We could simply ask for a Map<Class<ViewModel>, ViewModel> in the Factory, but then we’d only get one concrete instance of ViewModel for each key (essentially, for each screen). If we opened the same screen multiple times, they’d have to have the same state because they’d receive the same ViewModel instances. This makes no sense (except for some rare cases).

Instead, we’ll ask for the Provider<ViewModel> type as the map’s values. A Provider is a class we can keep calling get() on, and each time it will manufacture new ViewModel instances, which will have all of its dependencies injected by Dagger appropriately.

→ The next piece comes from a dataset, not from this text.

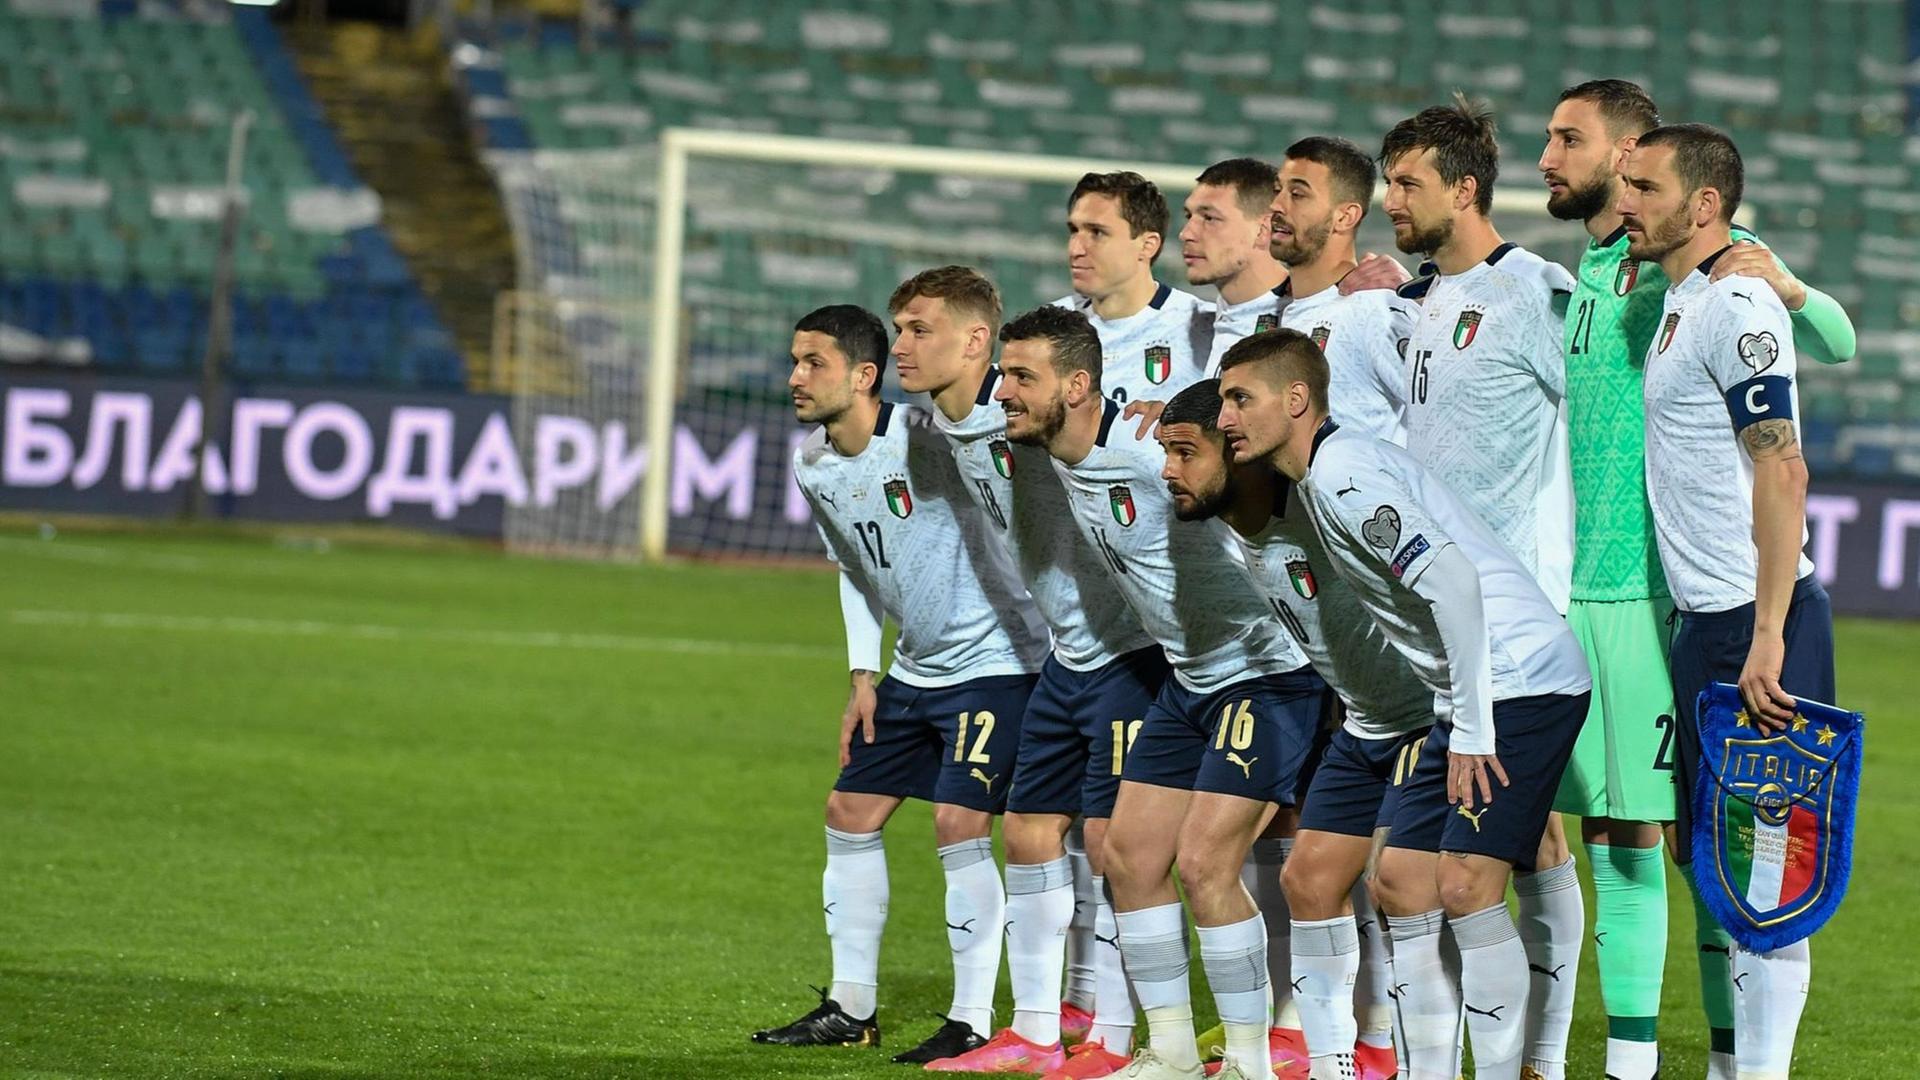 Football - national team, Nationalteam - BFU - World cup 2022 qualifications - Bulgaria vs Italy - 28.03.21 - Sofia Copyright: xVladimirxStoyanovx

This brings us to this implementation for our ViewModelProvider.Factory:

class DaggerViewModelFactory @Inject constructor(
        private val creators: Map<Class<ViewModel>, Provider<ViewModel>>
) : ViewModelProvider.Factory {

    override fun <T : ViewModel> create(modelClass: Class<T>): T {
        return creators[modelClass].get() as T
    }

}

Let’s review one more time:

  • It receives a Map in its constructor from Dagger, which is backed by Dagger’s injection mechanism to create any ViewModel that’s been bound with its own Class as the key.
  • Whenever we invoke ViewModelProviders and pass this Factory to it, it’ll call the Factory with the concrete ViewModel Class we need to create.
  • This Factory will fetch the appropriate Provider from the Map it stores in its creators property, and create a new instance of the required type of ViewModel by calling the Provider’s get method. This ViewModel will receive its dependencies via constructor injection, because it’s instantiated by Dagger.

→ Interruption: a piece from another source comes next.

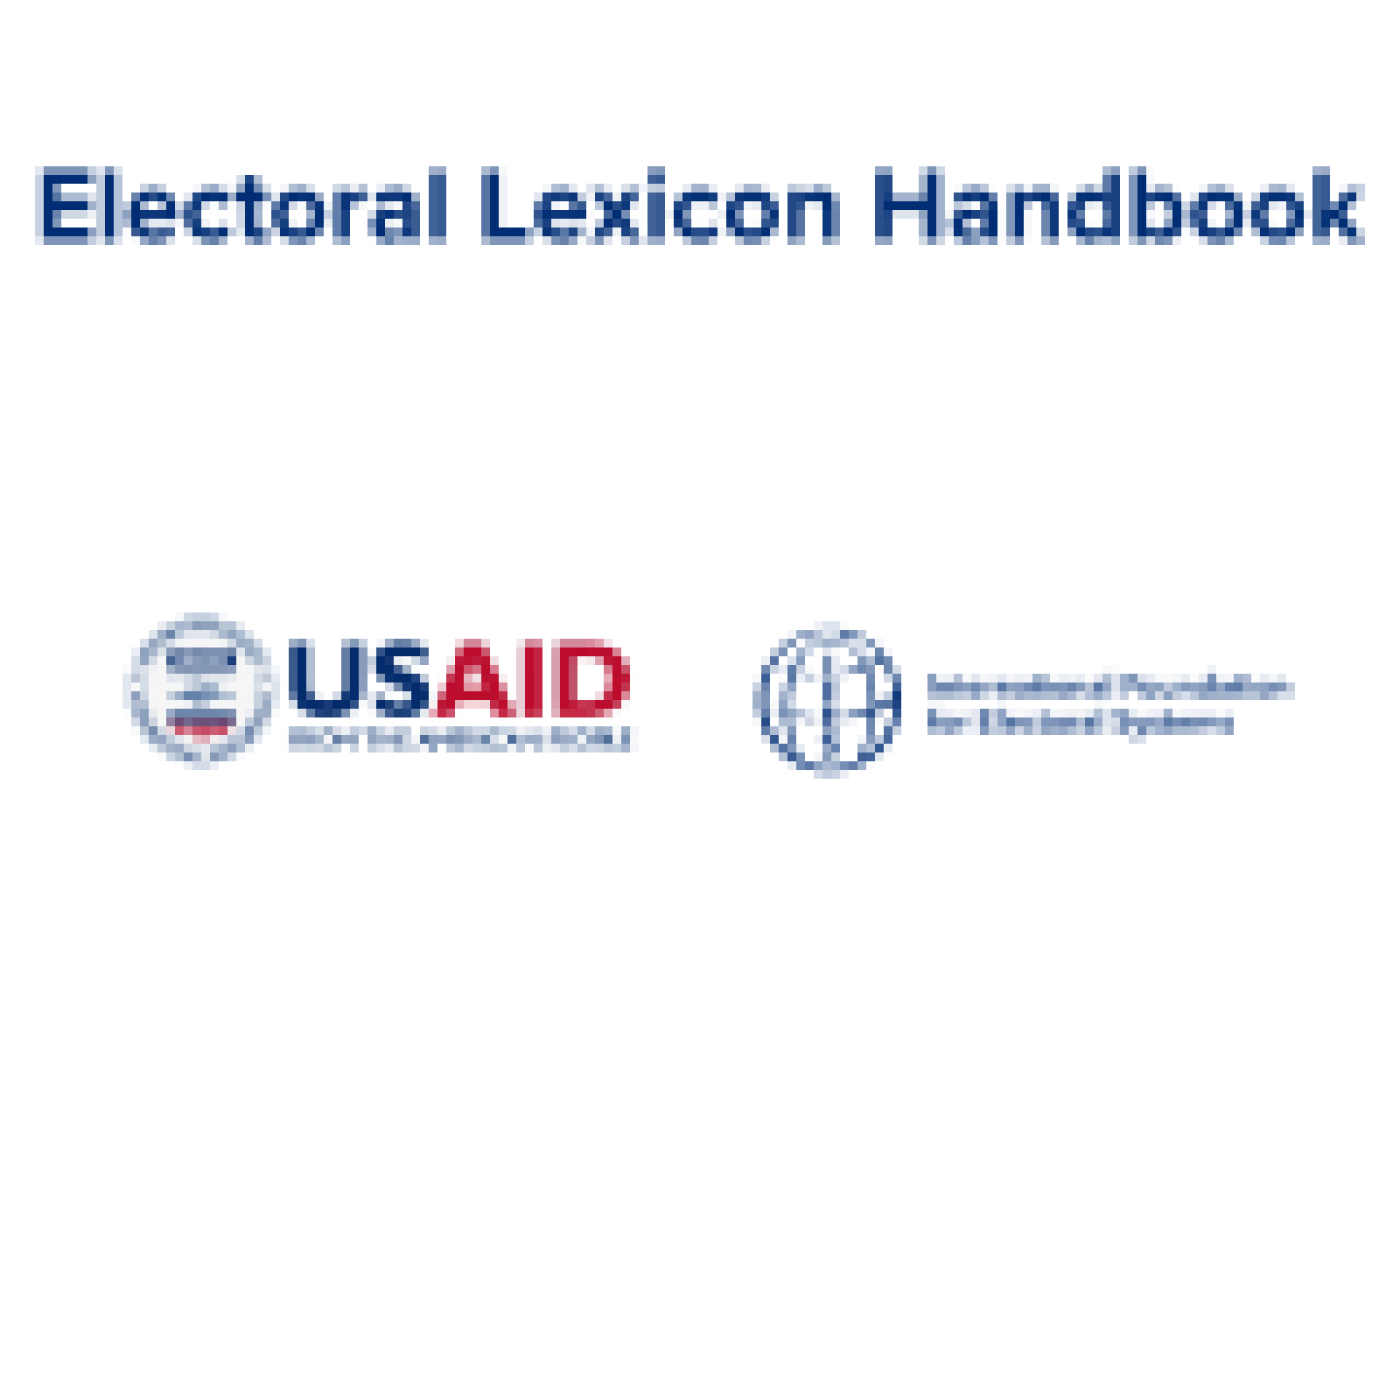 Electoral lexicon handbook USAID and IFES logos

Here’s how these components are (roughly) connected:

The Dagger powered ViewModel factory

The code for DaggerViewModelFactory here is sample code that doesn’t even quite compile, but I hope it gets the idea across. There’s a couple more little things you need to take care of for this implementation to work in terms of generics, Kotlin-Java interop, and null handling. If you want to see the real, complete implementation, look at the DaggerViewModelFactory class of the framework.

Accessing the Factory

We still need to get hold of an instance of this Factory in our Fragments so that we can fetch ViewModels with its help. More specifically, this will be done by the getViewModelFromFactory helper function that the Fragment will call into to get a ViewModel.

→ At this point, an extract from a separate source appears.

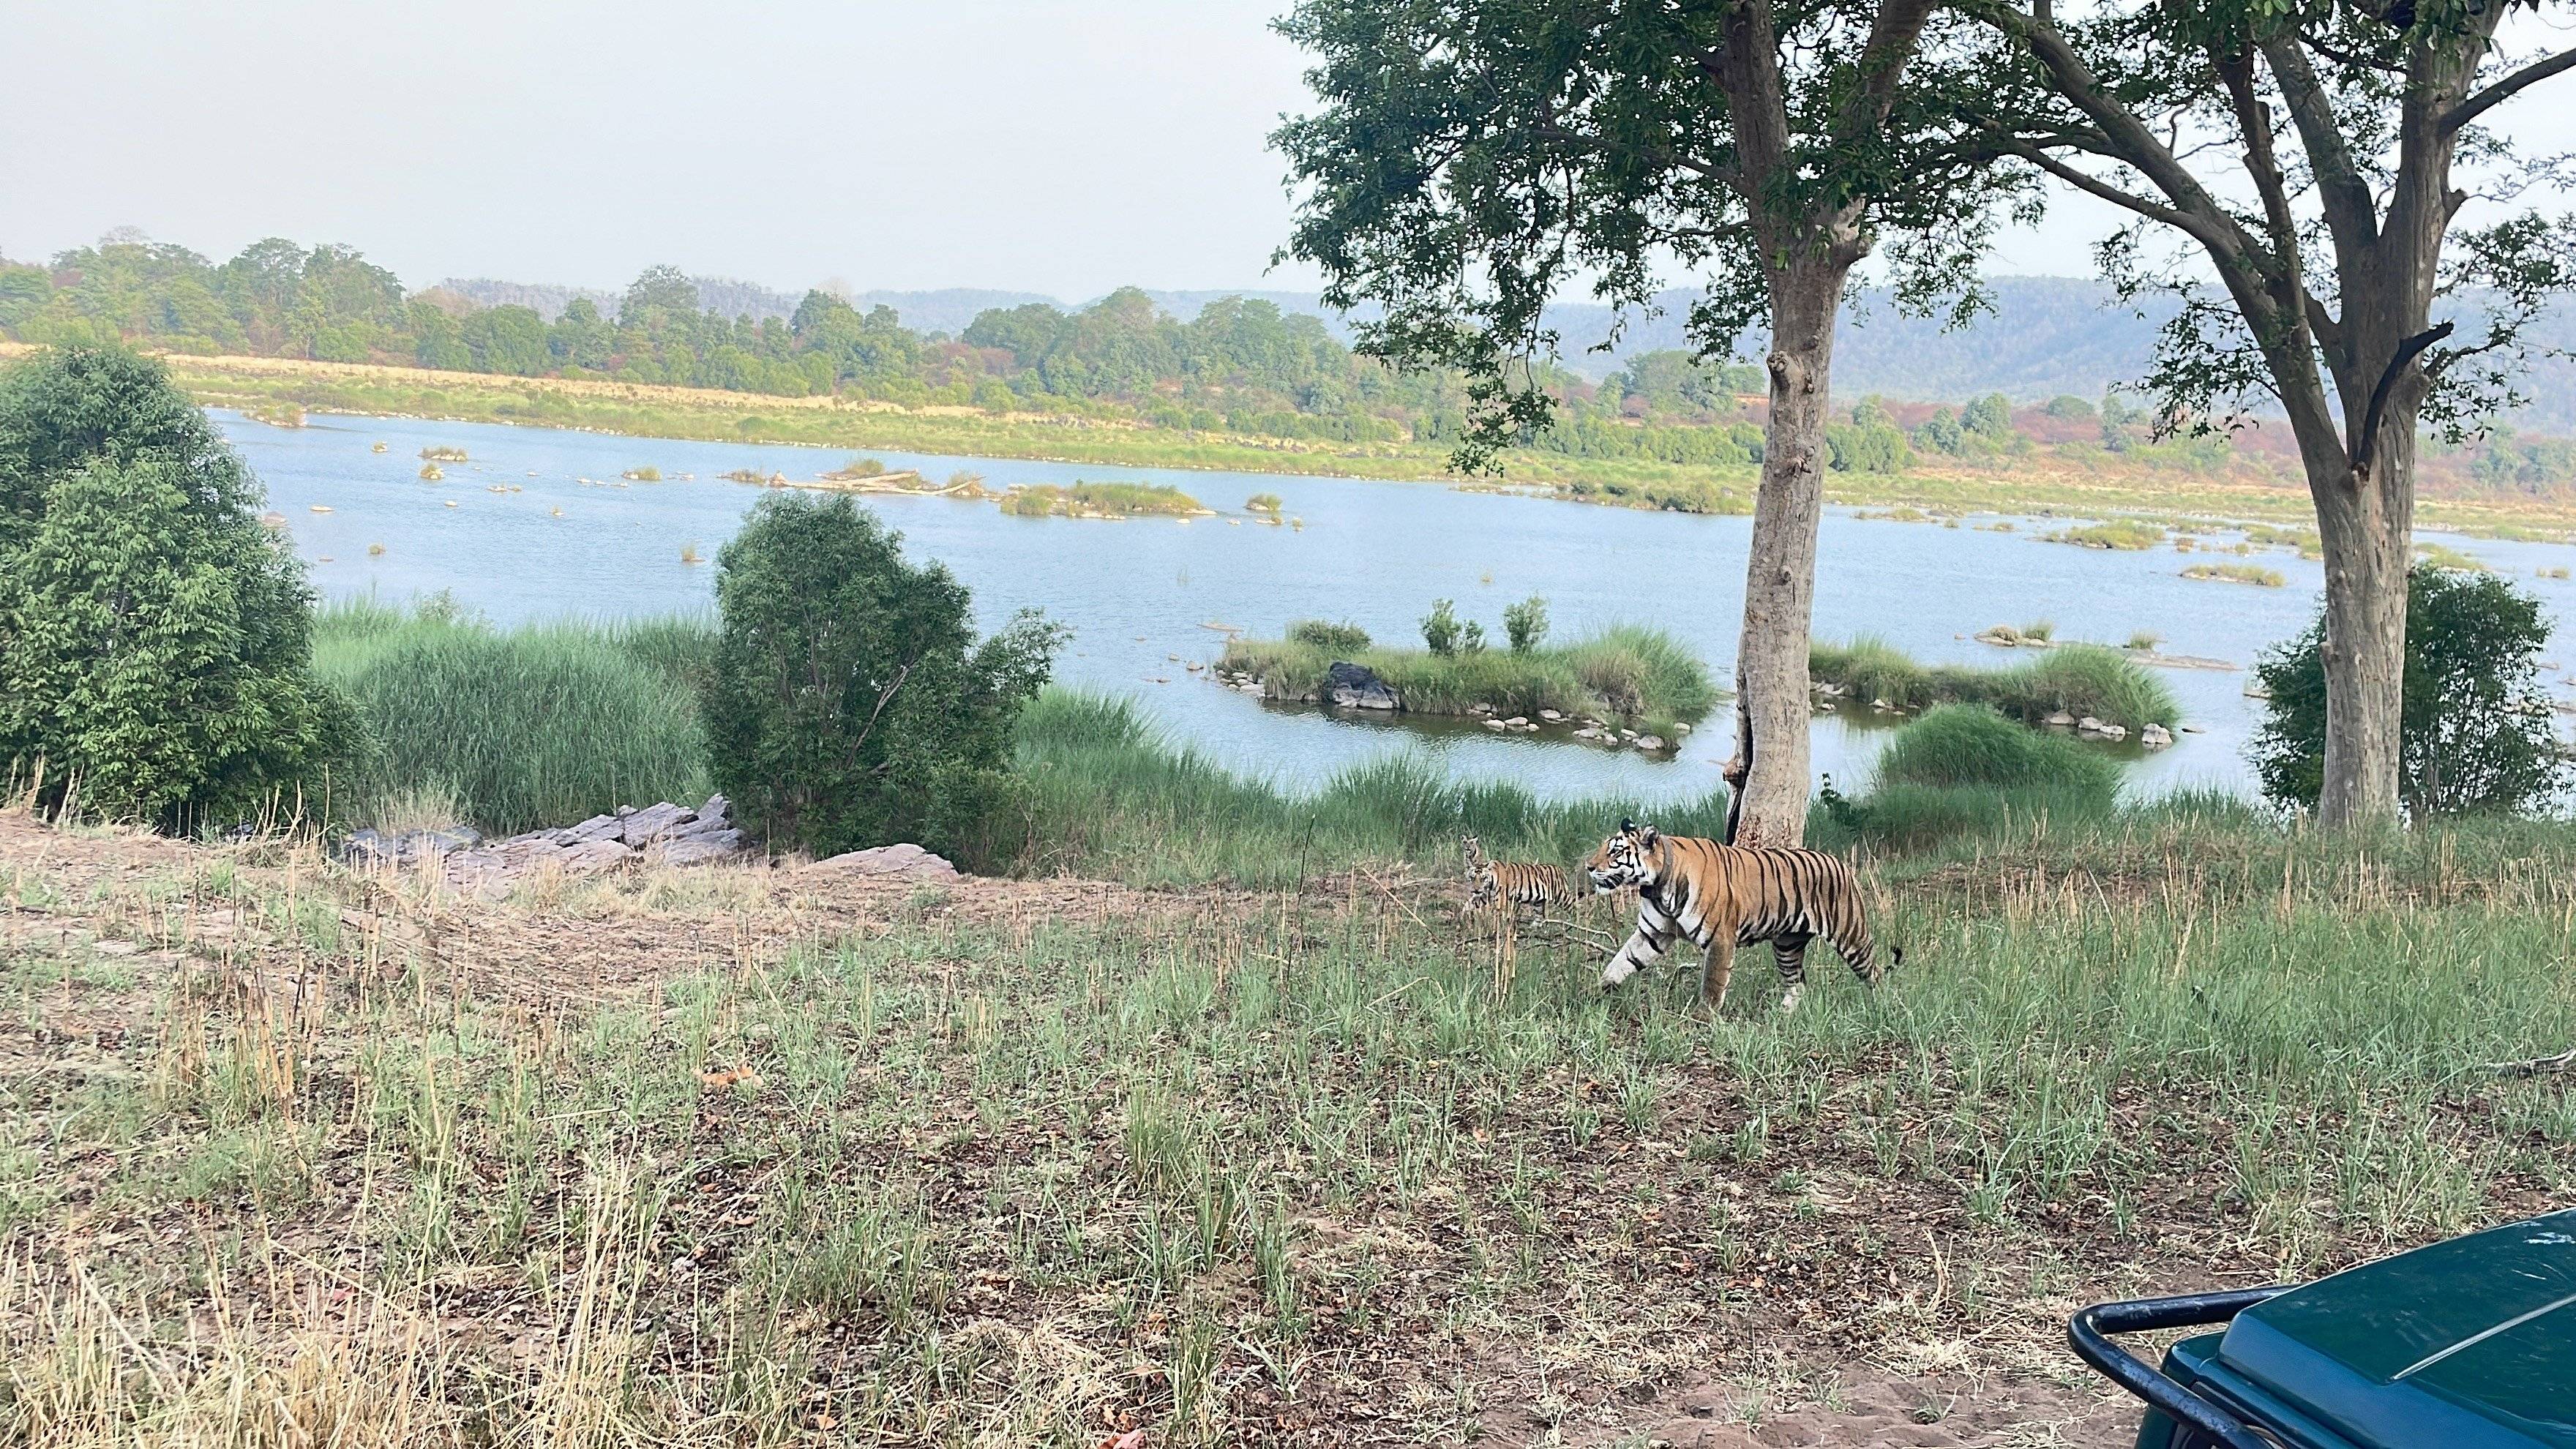 Tiger-Safari im schönen Panna Nationalpark

First, the Factory is exposed by the app level Dagger component, RainbowCakeComponent:

interface RainbowCakeComponent {
    fun viewModelFactory(): ViewModelProvider.Factory
}

Then, in getViewModelFromFactory, we simply get a hold of the RainbowCakeApplication via the Fragment’s context, and grab the Factory from its component:

val viewModelFactory = (getContext()?.applicationContext as? RainbowCakeApplication)
            ?.injector
            ?.viewModelFactory()

We could now fetch our ViewModel in this method like this, and if it needs to be created, it will be created by Dagger somewhere in the Factory:

ViewModelProvider(this, viewModelFactory).get(VM::class.java)

The getViewModelFromFactory method performs essentially this same call, with some extra handling for shared ViewModel scopes.

References

For more about Dagger bindings and multibindings, see here and here, for example.

The ViewModelProvider.Factory implementation is originally from a Google sample project, specifically, from their GitHub Browser Sample app.